Swi Swissinfo.ch has just drawn up a critical assessment of the migration partnership between Switzerland and Tunisia, initiated in 2011 to regulate migratory flows and promote the training of young professionals. Despite initial acclamations, the agreement is now aroused deep questions about its effective effectiveness and its real impact.
This is what Swi Swissinfo.ch has just portrayed in an analysis published today, Friday, April 5. Indeed, in 2011, Switzerland and Tunisia signaled an understanding protocol aimed at regulating migratory flows between the two countries and training young professionals. This partnership was welcomed at the time as a “win-win” situation, the same source announces.

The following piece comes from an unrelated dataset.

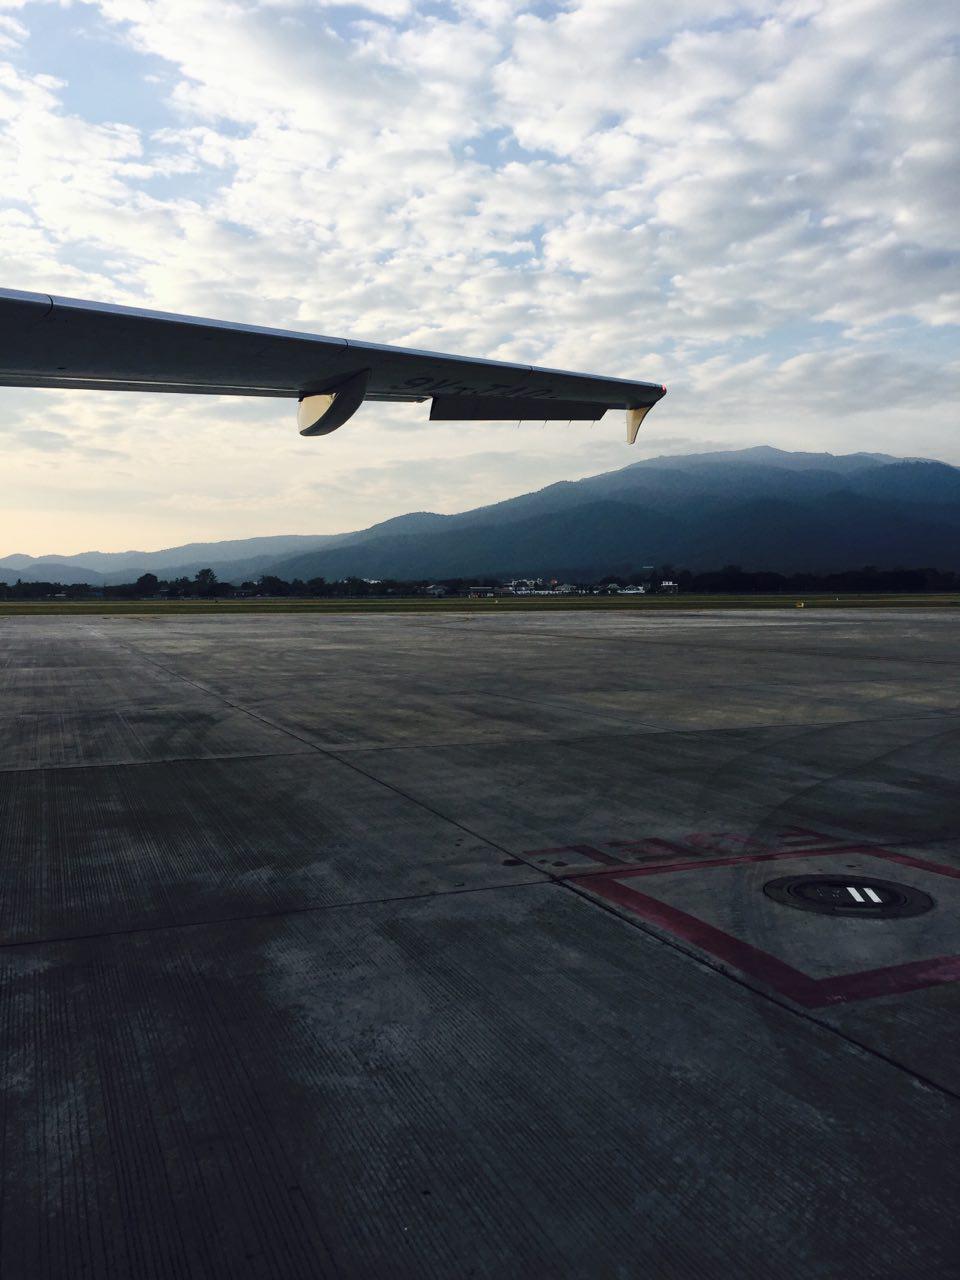 airplanemountains.jpg

The initial objective was twofold: regulate the migratory flow of Tunisians to Switzerland while offering professional training opportunities for young people from the two countries.
Switzerland has agreed to exchange young professionals with short -term visas in exchange for Tunisia reintegration of rejected asylum seekers. Between 2014 and 2023, Tunisia has read 451 people in agreement with Switzerland, while 402 others voluntarily returned to their country of origin according to figures provided by the State Secretariat for Swiss Migration (SEM), reports Swissinfo.

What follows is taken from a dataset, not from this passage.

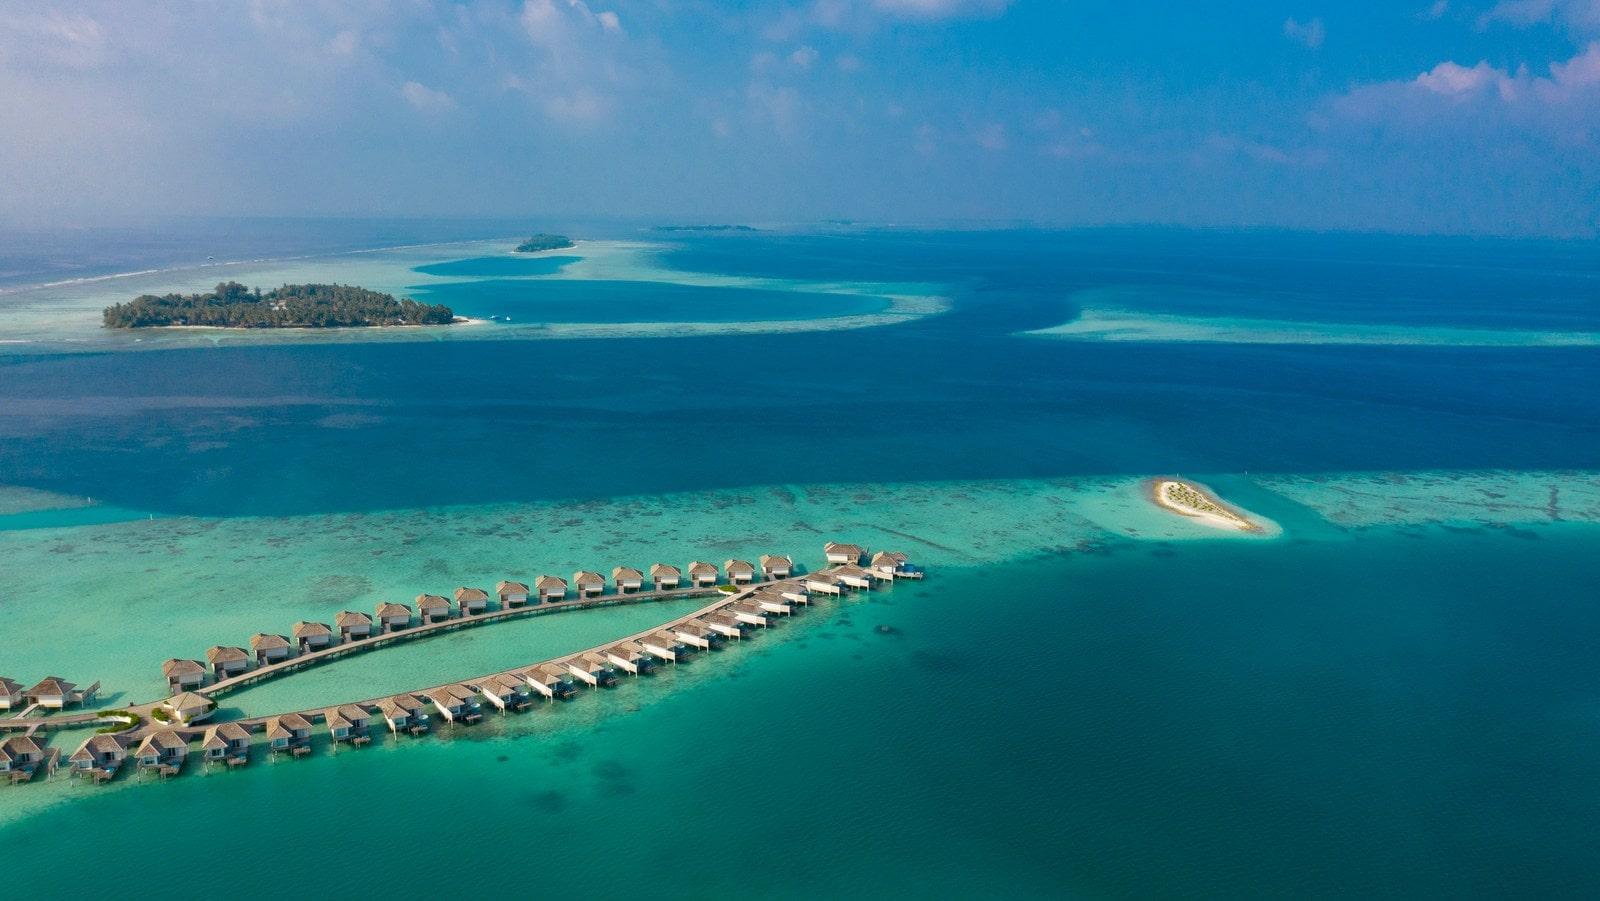 Мальдивы, отель Kandima Maldives, водные виллы

However, this reintegration policy is far from unanimous. Some activists for migration consider it as a “legal description of what is in fact a forced deportation”.

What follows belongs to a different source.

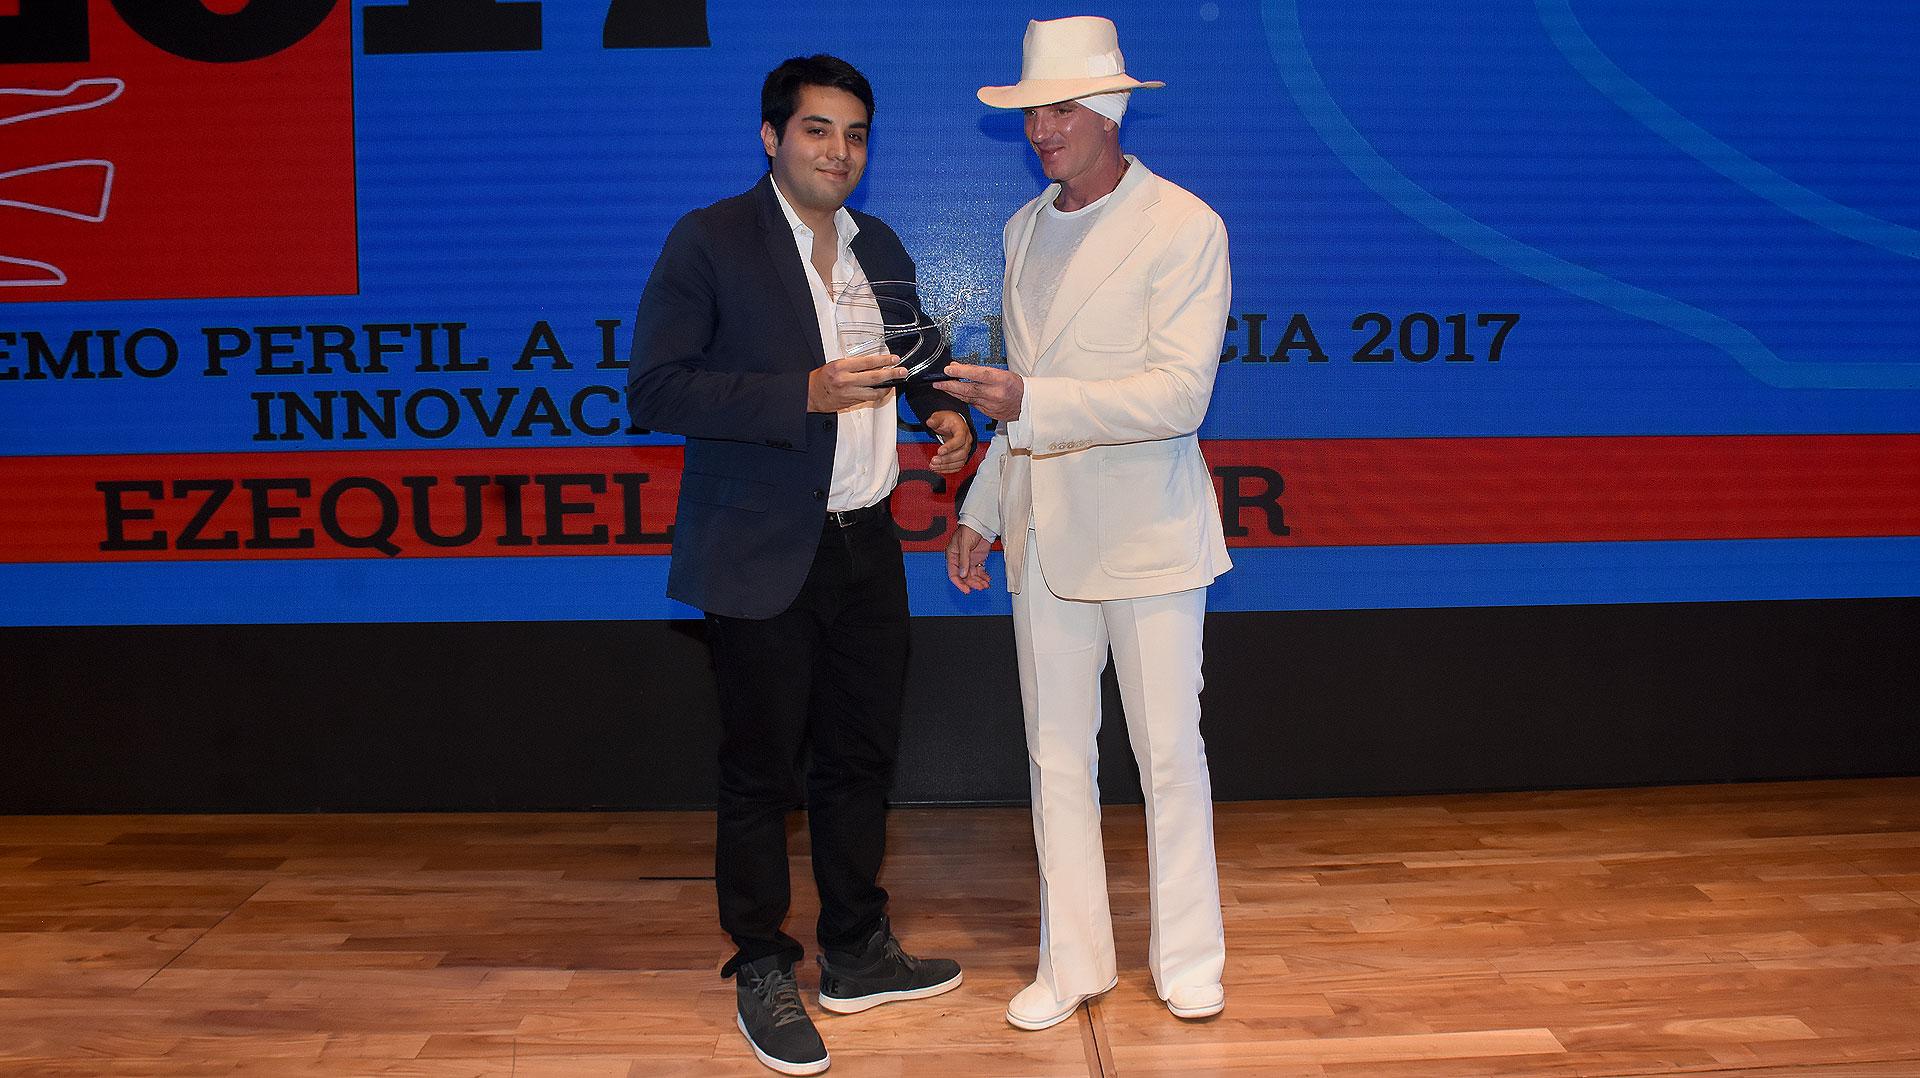 Alan Faena entregó el Premio Perfil 2017 en la categoría Innovación Digital a Matías Araujo de uSound, un desarrollo de cuatro universitarios que ayuda a personas con deficiencias auditivas, a través de smartphones y auriculares inalámbricos comunes

The other part of the partnership, the training of young professionals, also struggles to achieve its objectives. If the agreement provides that up to 150 young professionals from each country can benefit from the program, each year, only 174 Tunisians participated in training programs in Switzerland between 2015 and 2023, and only one person in Switzerland benefited from similar programs in Tunisia.
By September 2026, the total number of young professionals registered on the program will be 200, of which 150 will be reinstated in the Tunisian labor market.
Despite the criticisms issued as to the reintegration agreements and the small number of beneficiaries of the exchange programs for young professionals, the SEM wanted to emphasize that “the migration partnership with Tunisia has been working very well since 2012”, thus confirming its continuous support for this agreement, “concludes Swissinfo.ch.